Sekitar 5 tahun lalu, si A (yang baru menyadari serunya dunia fotografi digital) memutuskan untuk fokus pada dunia fotografi. Hampir sebagian penghasilannya dari bekerja, dia pakai untuk membeli peralatan fotografi. Ya, hobinya sedang berkuasa atas pleasure-nya saat itu. Sampai pada akhirnya dia memutuskan untuk membuat hobinya itu jadi duit. Mulailah dia turun mencari project foto sana sini, dari segala sektor dia hajar, baik wedding photo, kuliner, street photo, hingga editorial (fotojurnalisme).
Sampai pada akhirnya dia berhenti pada satu fokus, dimana menurutnya, itulah passion foto miliknya. Dari situ, dia sempat mendapat penghasilan sampingan yang cukup lumayan, bahkan kadang melebihi gaji pekerjaannya.
Itu cerita si A. Lalu ada lagi si B. Sama seperti si A, dia mulai menyukai foto dari era digitalisasi, dimana jepret sana sini hanya semudah pencet jari di atas tombol shutter. Setelah dia mengenal dunia microstock, kemudian dia memutuskan untuk berfokus menjadi kontributor foto pada salah satu website jual-beli karya foto. Sempat juga suatu ketika penghasilannya menyamai gajinya.
Namun setelah lima tahun, ternyata A dan B sudah tidak lagi menjadi fotografer. Peralatannya sudah berjamur karena jarang dipakai dan beberapa bahkan sudah dijual. Berbeda dengan si C dan D. Namun kisah si C dan D ini tidak dilatarbelakangi dari memanfaatkan peluang. Bisnis fotografi si C dan D justru berjalan di luar peluang yang sedang muncul.
Si C pada dasarnya adalah seorang penulis warta atau jurnalis. Namun dia perlahan mempelajari bagaimana supaya kisah yang menarik yang ditulisnya bisa menjadi sebuah visualisasi foto yang dramatis. Dari situlah dia mulai memotret kejadian-kejadian yang berkaitan dengan dunia jurnalisme. Dan lima tahun kemudian, dia sudah menjadi jurnalis dengan honor dari menulis dan foto. Ya, dia sukses menjadi fotojurnalis dan content writer.

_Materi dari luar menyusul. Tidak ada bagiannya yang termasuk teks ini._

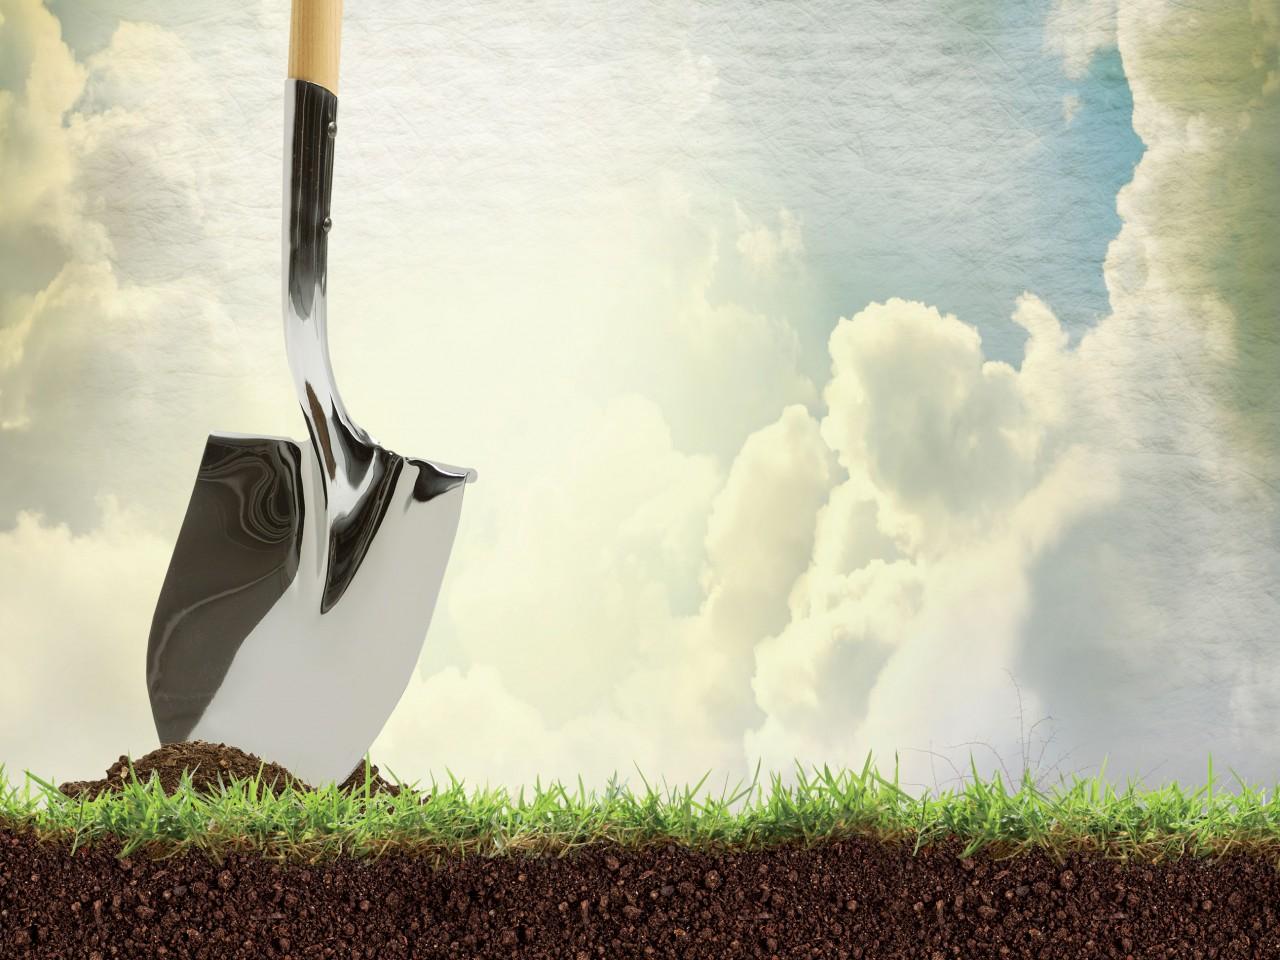 Ground breaking for the Gospel

Kemudian si D, awalnya adalah penyuka binatang. Dari situ dia banyak belajar melihat hewan-hewan yang eksotik, indah, dan juga bisa tampak rupawan seperti manusia yang cantik dan ganteng. Mulailah si D melakukan pemotretan eksplorasi atas dunia hewan dan lingkungan. Dan lima tahun kemudian si D sudah menjadi koresponden di National Gepgraphic dengan hasil ribuan US$.
Turn over
Maka tampak bahwa ada tipikal fotografer yang memandang dari sisi oportunitas dan ada yang melihatnya sebagai sebuah jalan untuk pengembangan diri. Dan ternyata, mereka yang menggunakan fotografi sebagai jalan untuk pengembangan diri tampak malah terus berkembang. Sementara yang oportunis, seperti grafik yang terjun bebas, dari tinggi ke rendah.

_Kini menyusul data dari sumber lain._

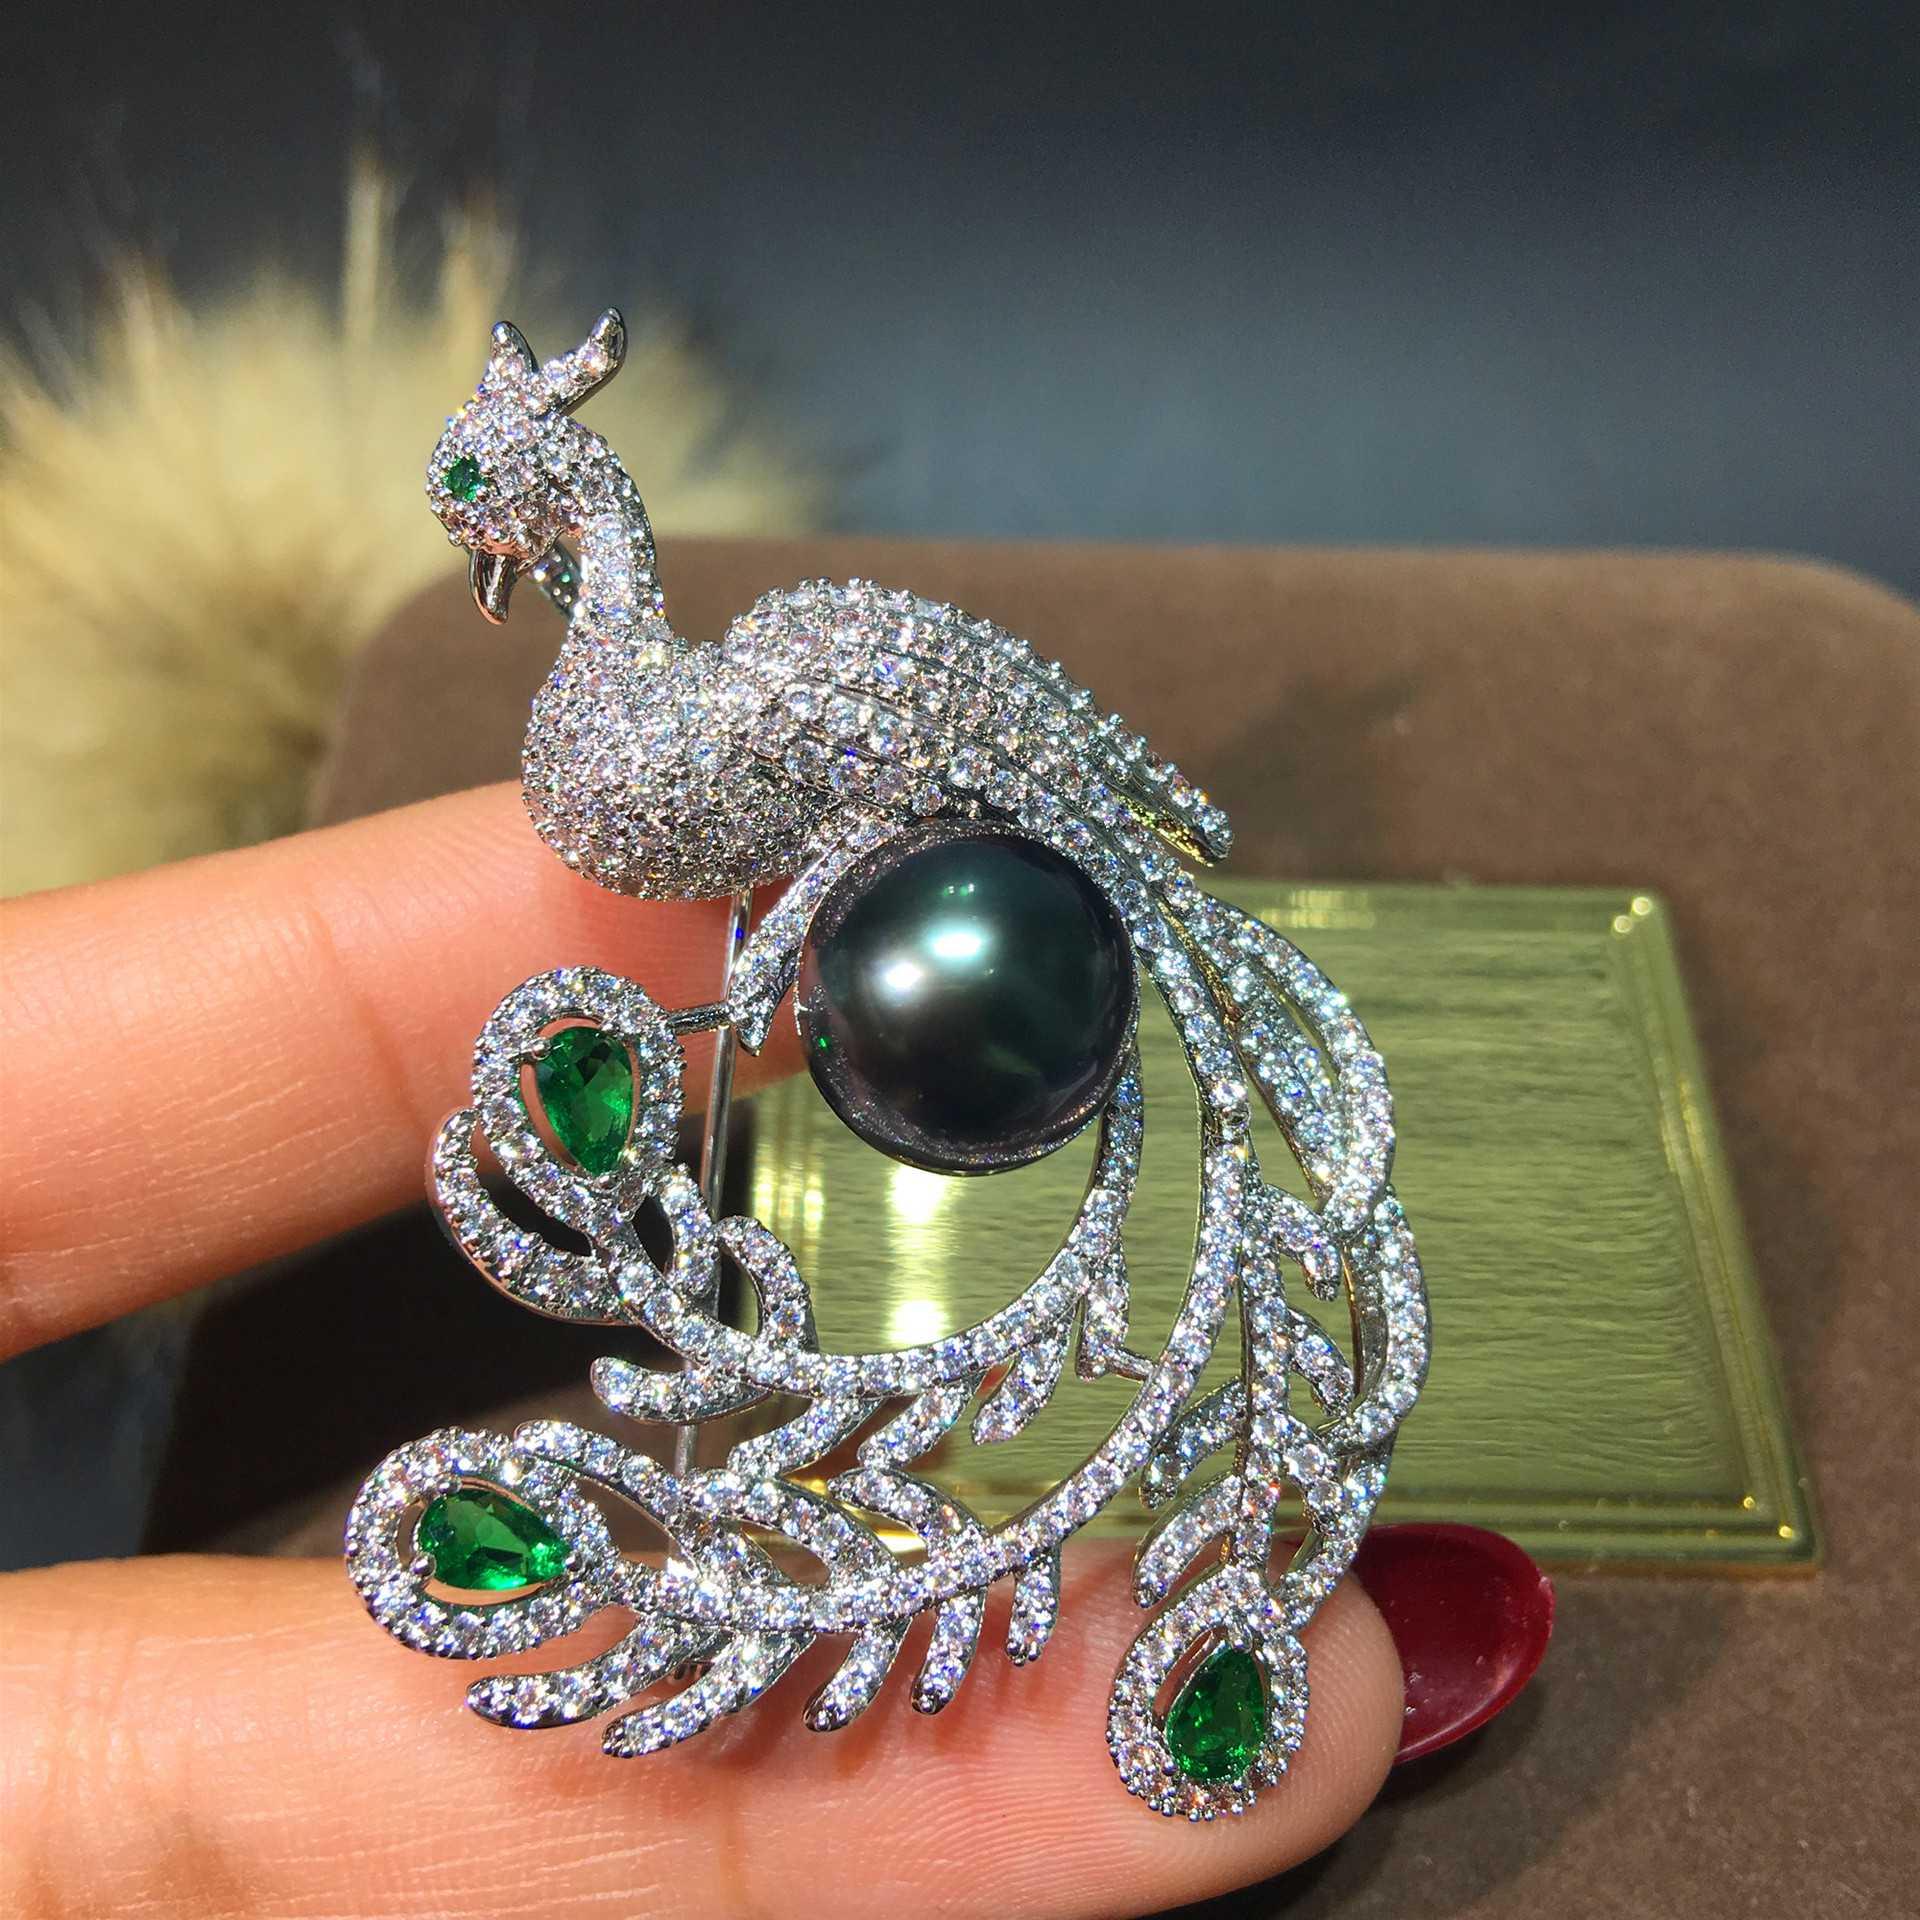 新款天然珍珠民族风微镶锆石凤凰胸针胸花时尚饰品服饰

Maka perlu dipahami bahwa ada semacam keharusan bagi diri kita untuk selalu mengembangkan diri, bukan hanya berkembang sesuai keinginan pasar. Karena di pasar, acapkali kita menemukan yang namanya turn over. Tahun ini membludak produksi barang yang tren, tapi tahun depan barang itu sudah tak lagi diminati konsumen. Bahkan tak perlu menunggu setahun, kadang tak sampai tiga bulan sudah turn over. Begitu juga dengan oportunitas, tahun ini marak, tahun depan sepi. Alhasil para oportunis gulung tikar atau berganti usaha.

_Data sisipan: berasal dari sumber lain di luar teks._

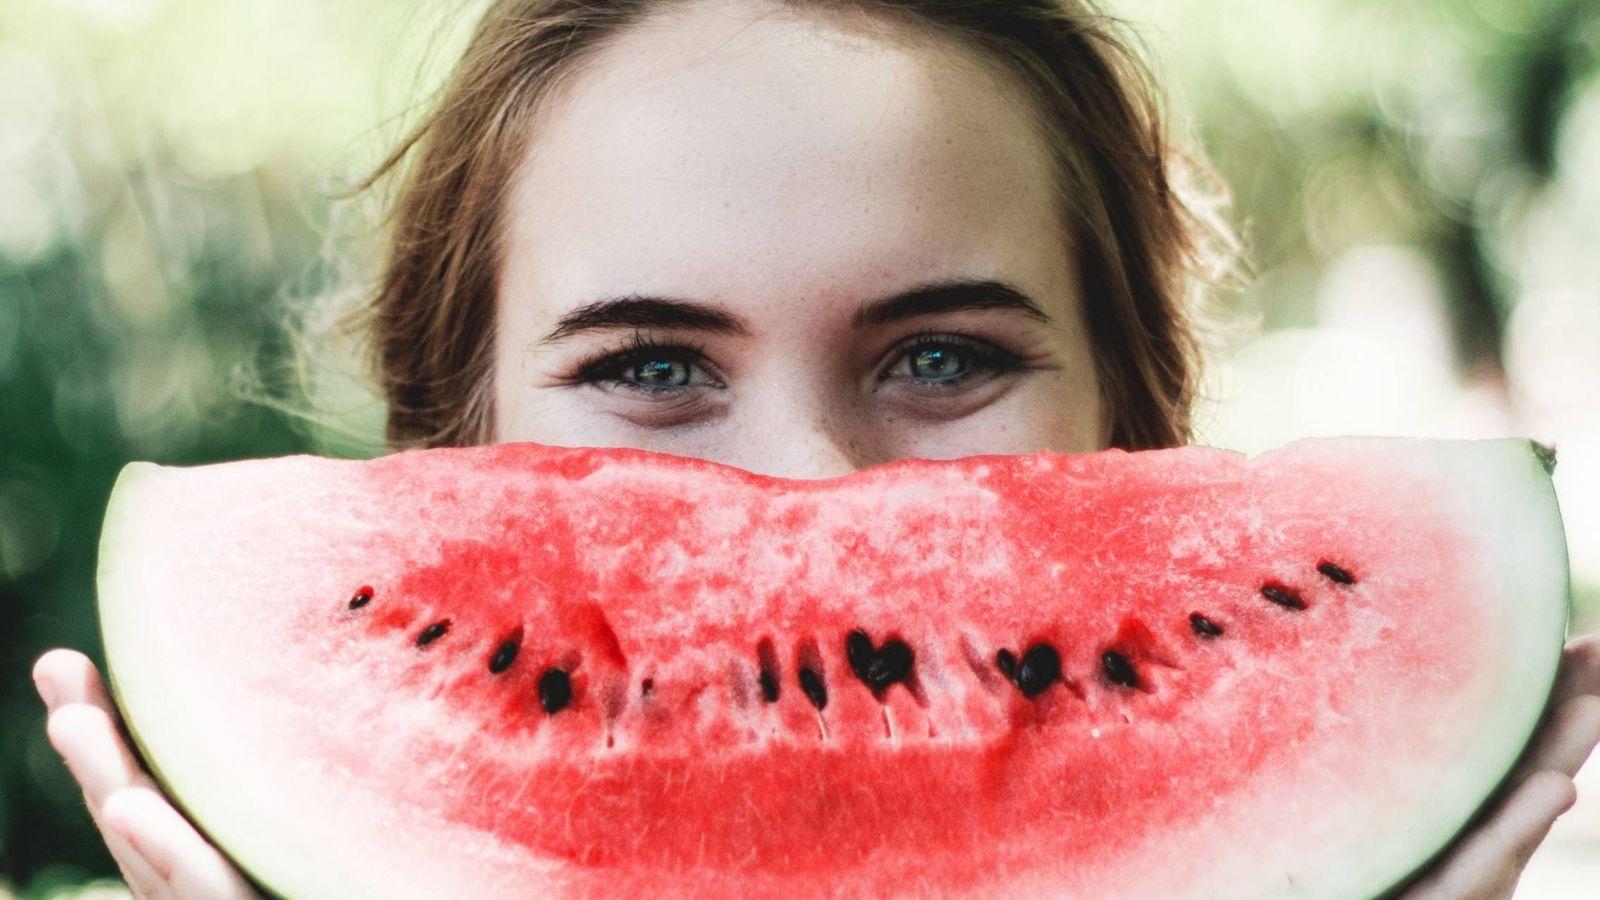 Foto: Come agua, sí como lo lees. (Imagen: Caju Gomes)

Tapi berbeda dengan mereka yang memang fokus mengembangkan diri, untuk tujuan masa depan. Dia akan paham seberapa besar volume kebutuhan pasar ke depan dan juga saat ini, karena analisisnya. Sehingga dia justru melakukan manajemen skill-nya sesuai analisisnya tersebut. Maka dalam hal apapun, tak hanya fotografi, sudah sepatutnya kita membekali diri dengan sesuatu yang bermanfaat, bagi diri sendiri maupun manfaat yang lebih luas lagi di masyarakat.